Helmer Joseph partage son temps entre la mode et l’enseignement. Il est le directeur fondateur d’une école de mode et de métiers d’art en Haïti. Il offre ainsi à de jeunes talents une chance de s’insérer dans un secteur difficile. Son engagement va bien au-delà de la création : il souhaite préserver la qualité, la rigueur et la beauté du travail artisanal, tout en s’adaptant aux contraintes du pays. Helmer Joseph a développé sa méthode. « C'est très gratifiant parce que les élèves apprennent vite, ils ont ce besoin de réaliser des choses. Moi j'ai commencé le cours à l'envers :  la première semaine, tout le monde doit faire de la broderie parce que dans les douze points de base de broderie, c'est tout ce que l'on va utiliser pour les finitions, même ceux qui ont déjà une formation de tailleur, ils sont toujours étonnés après la première semaine de voir ce que cette formation de broderie leur a apporté. Tout le monde est déjà plus autonome ».

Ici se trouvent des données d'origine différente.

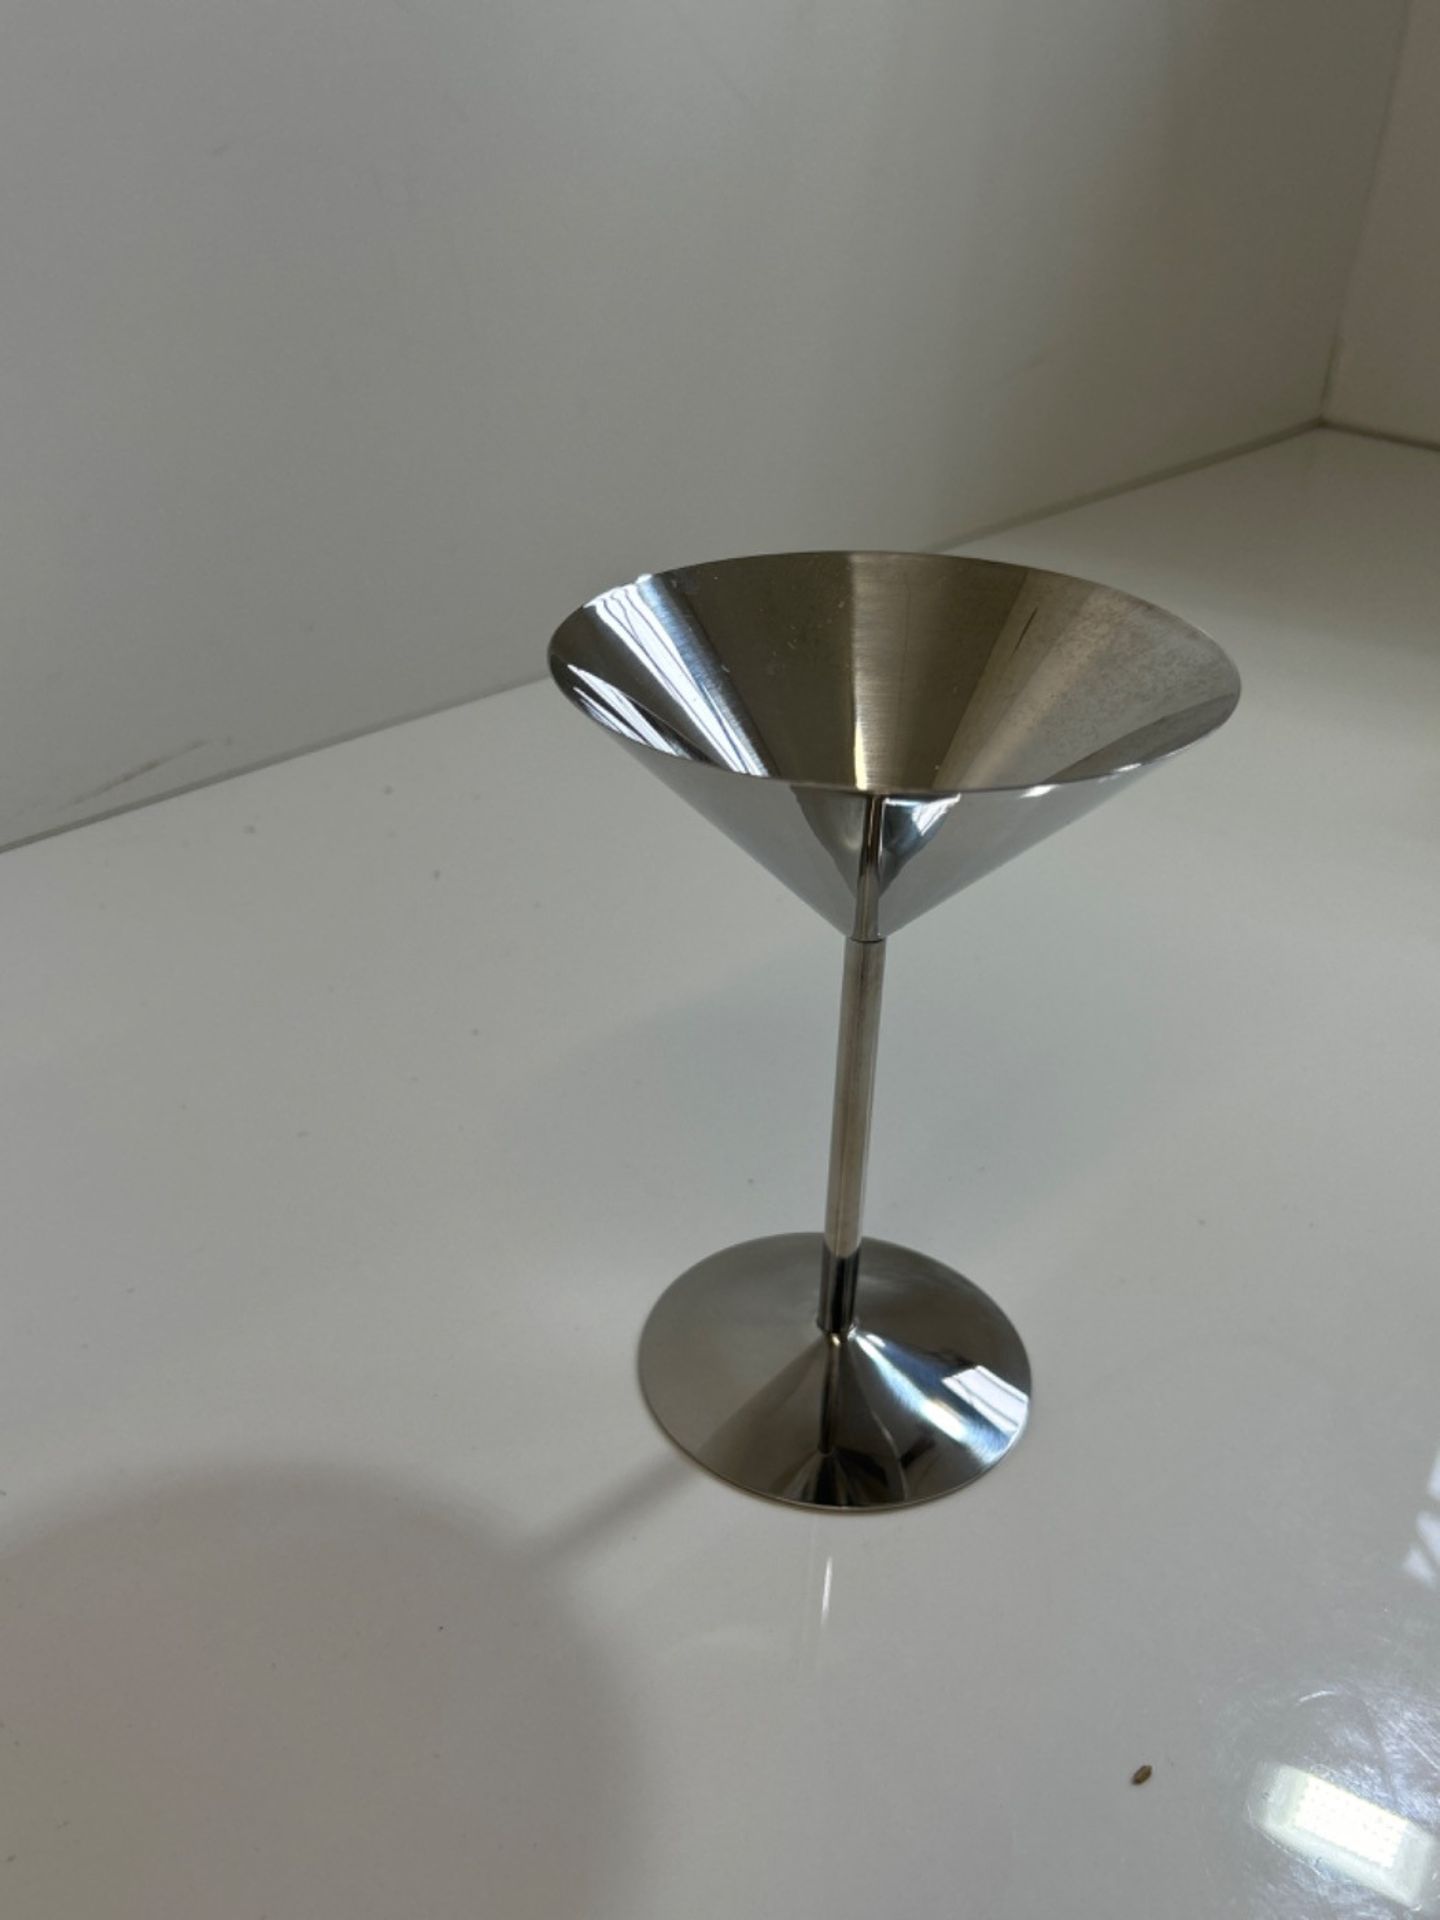 Genware NEV-MRS240 Stainless Steel Martini Glass, 24 cl/8.5 oz. - Image 2 of 3

« Les premiers trimestres, on fait des accessoires de mode : chapeaux, sacs. On essaie de tout faire...une robe par exemple. Et je fais toutes les jupe d'un coup. En une semaine, je fais les jupes portefeuille, jupes droites, parce que les écoles c'est quasiment un trimestre pour faire les six jupes. Si tu ne comprends pas, ce n'est pas grave parce que c'est la même base qu'on agrandit, mais à la fin on peut tout faire. On n'a pas le droit actuellement en Haïti de prendre trois ans de quelqu'un pour le former en mode parce qu'il faut qu'ils trouvent quelqu'un qui paye. Là, ils ne peuvent pas payer. Il y a le transport, l'insécurité. Il n'y a rien qui dit que cette personne va travailler vraiment dans le métier, mais avec des modules de trois mois, j'ai la satisfaction de voir qu'ils s'accrochent vraiment ! Les meilleurs, je leur donne un salaire. Le salaire, c'est quoi 50 ou 100 € par mois... pour eux, c'est beaucoup. Je me suis dit que si je peux aider dix jeunes, je le fais, j'investis là-dessus. Il y en a qui sont intelligents, honnêtes, respectueux. Ils ont tout, mais ils peuvent rien faire. Je ne sais pas ce que cela va donner, mais je continue à le faire ».